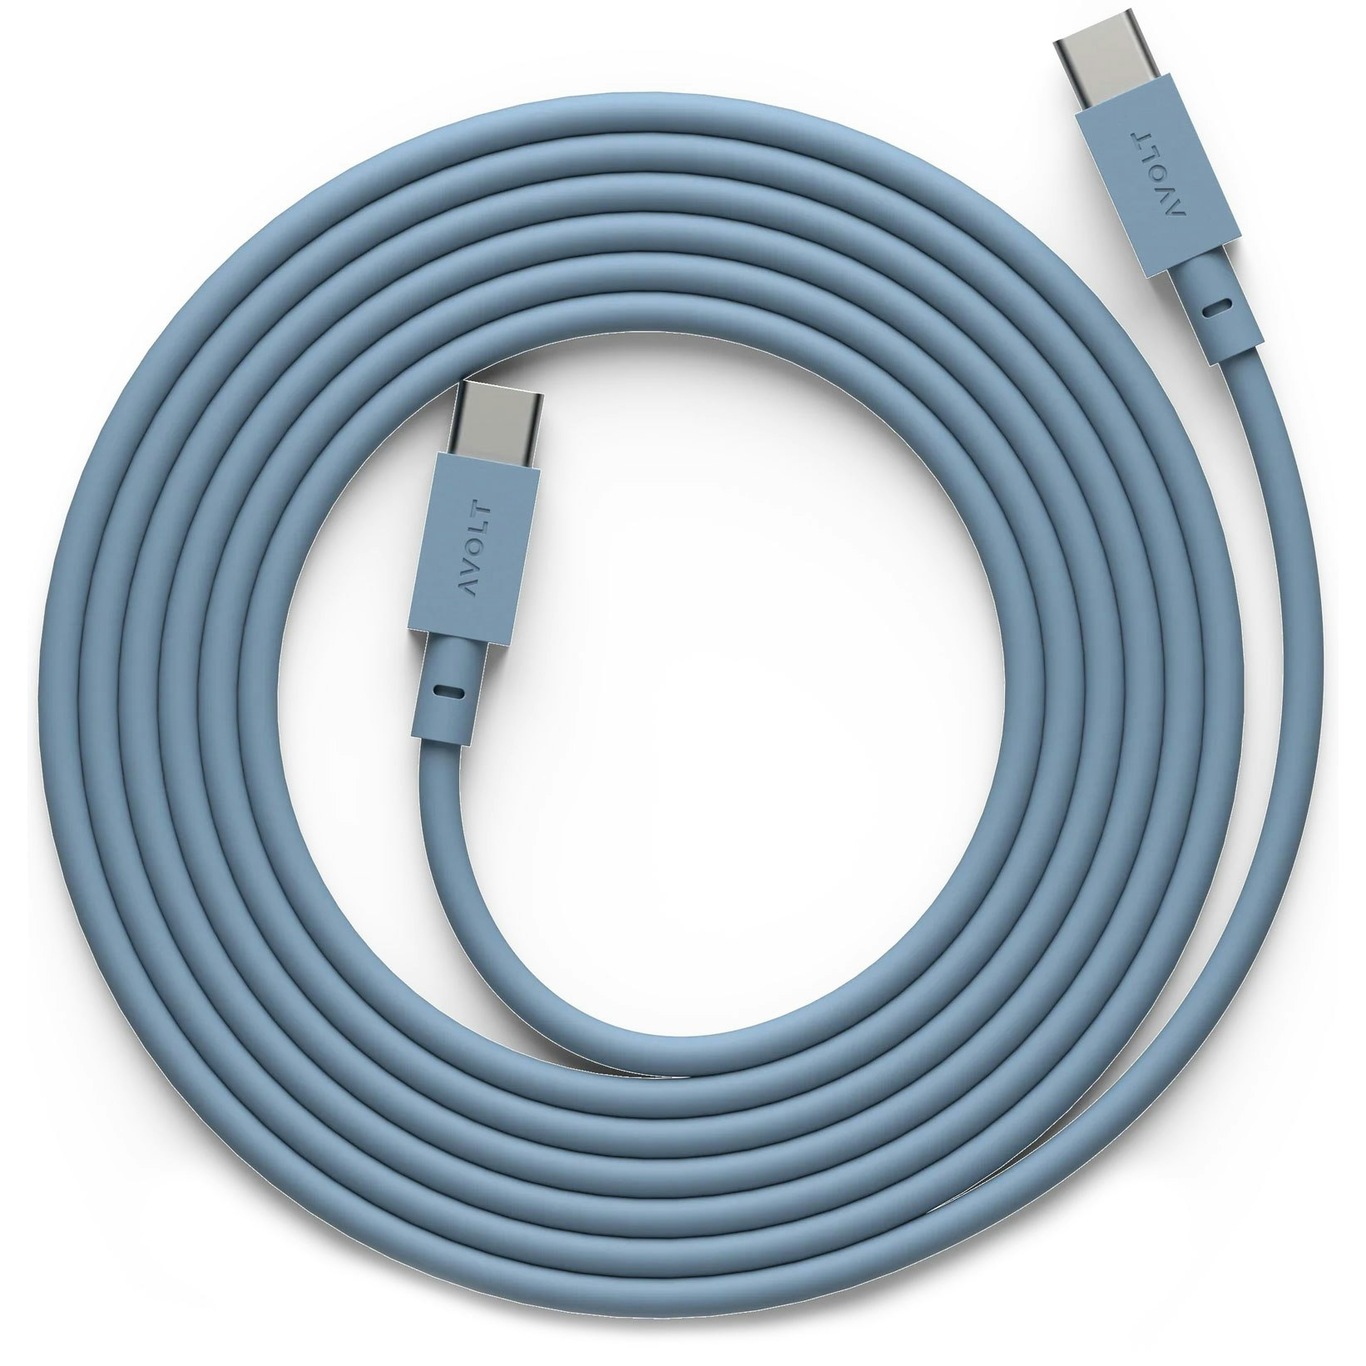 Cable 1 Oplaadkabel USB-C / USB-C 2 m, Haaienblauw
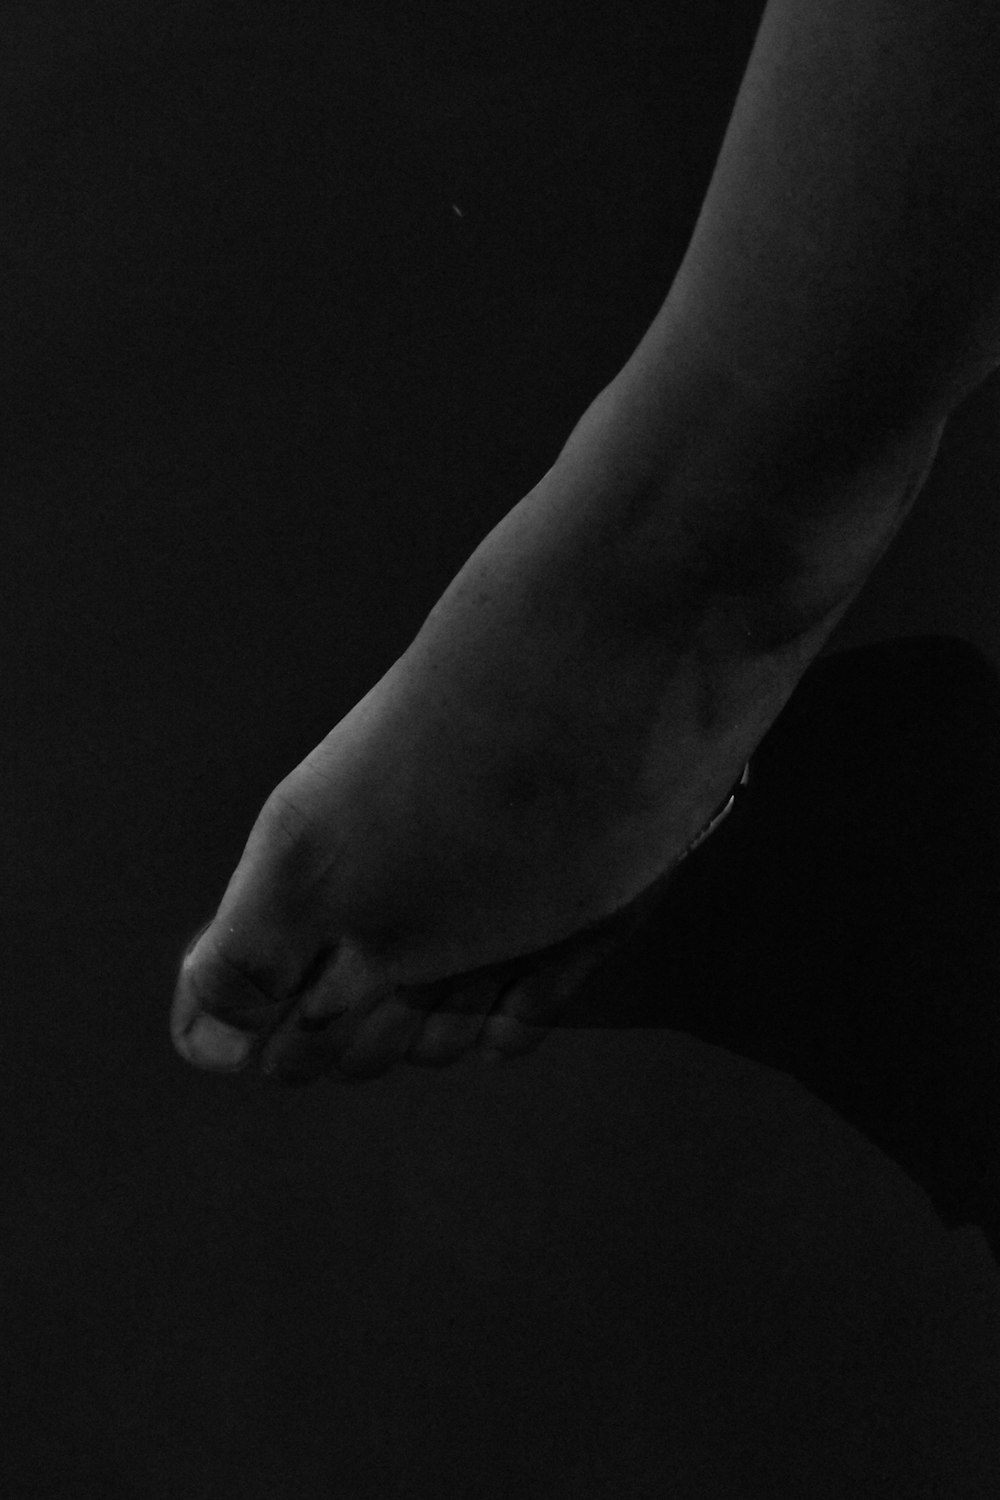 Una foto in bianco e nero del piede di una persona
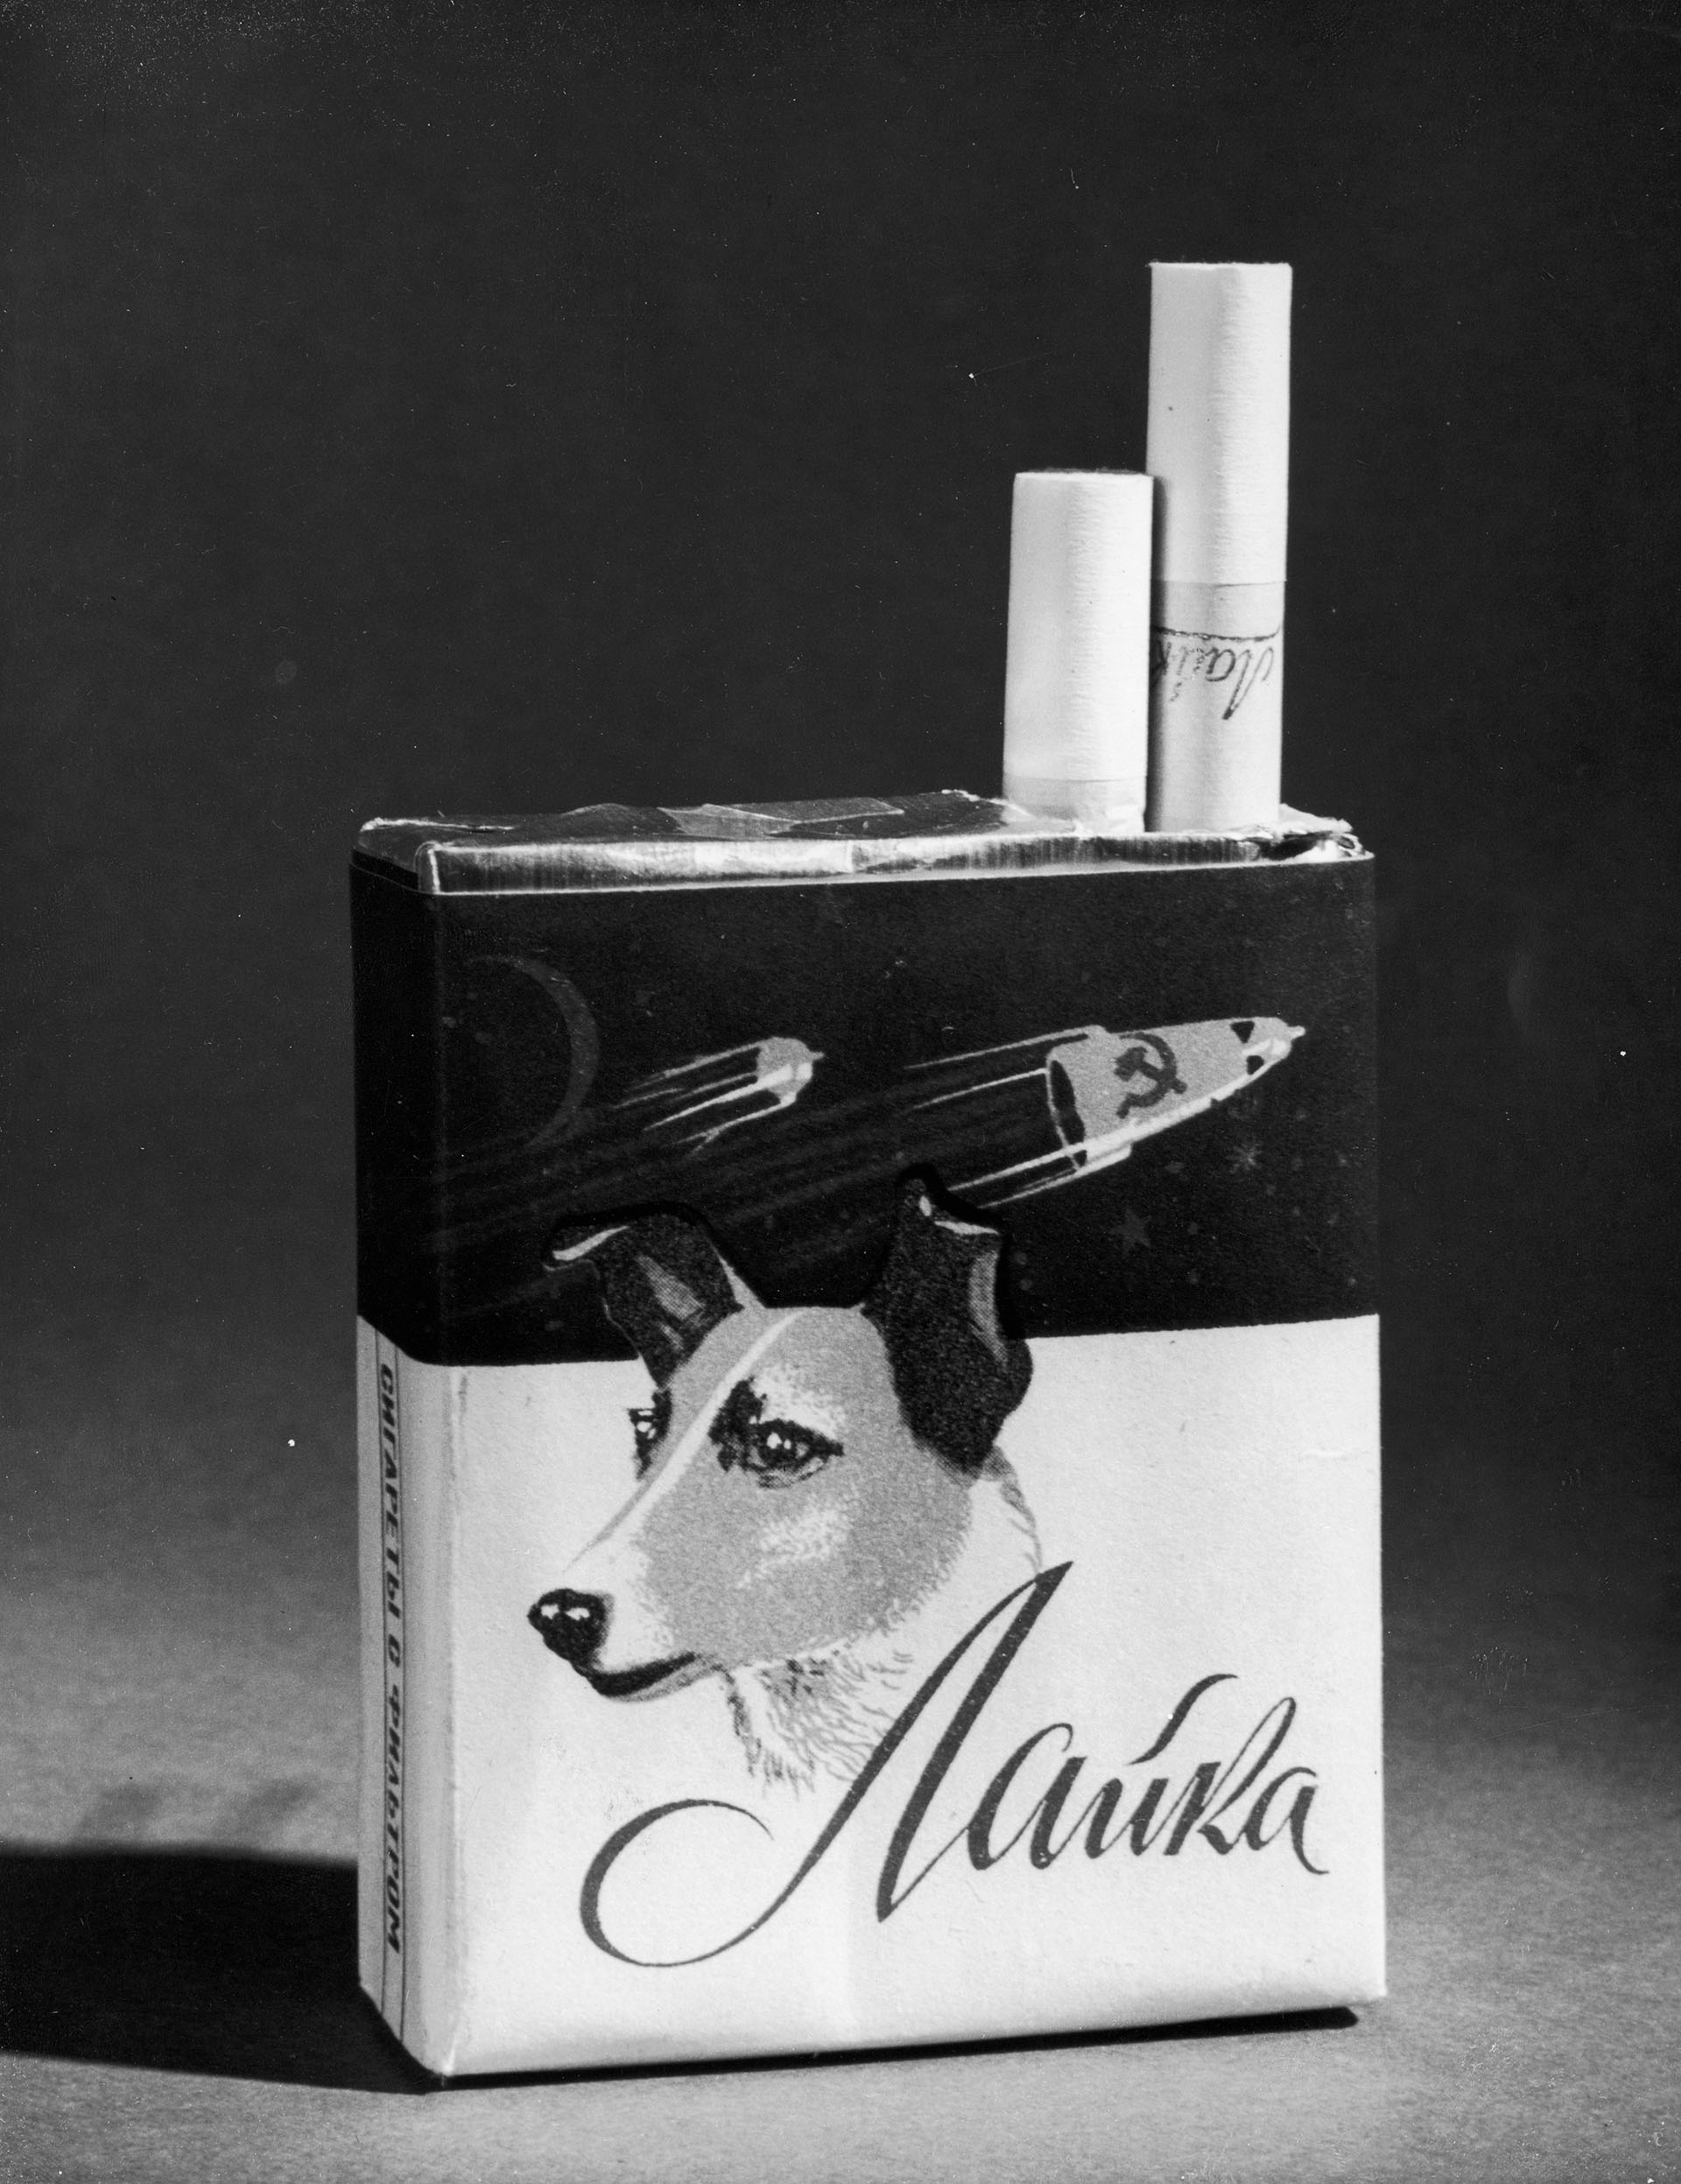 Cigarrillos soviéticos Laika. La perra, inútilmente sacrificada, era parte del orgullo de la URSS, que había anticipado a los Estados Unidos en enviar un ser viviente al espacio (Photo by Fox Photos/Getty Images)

DIRECTIONS —
Begin with the line that contains "Una foto in" and repeat every line through the end of the data, exactly and only those lines, leaving out the pictures.

SOLUTION —
 Una foto in bianco e nero del piede di una persona
 Cigarrillos soviéticos Laika. La perra, inútilmente sacrificada, era parte del orgullo de la URSS, que había anticipado a los Estados Unidos en enviar un ser viviente al espacio (Photo by Fox Photos/Getty Images)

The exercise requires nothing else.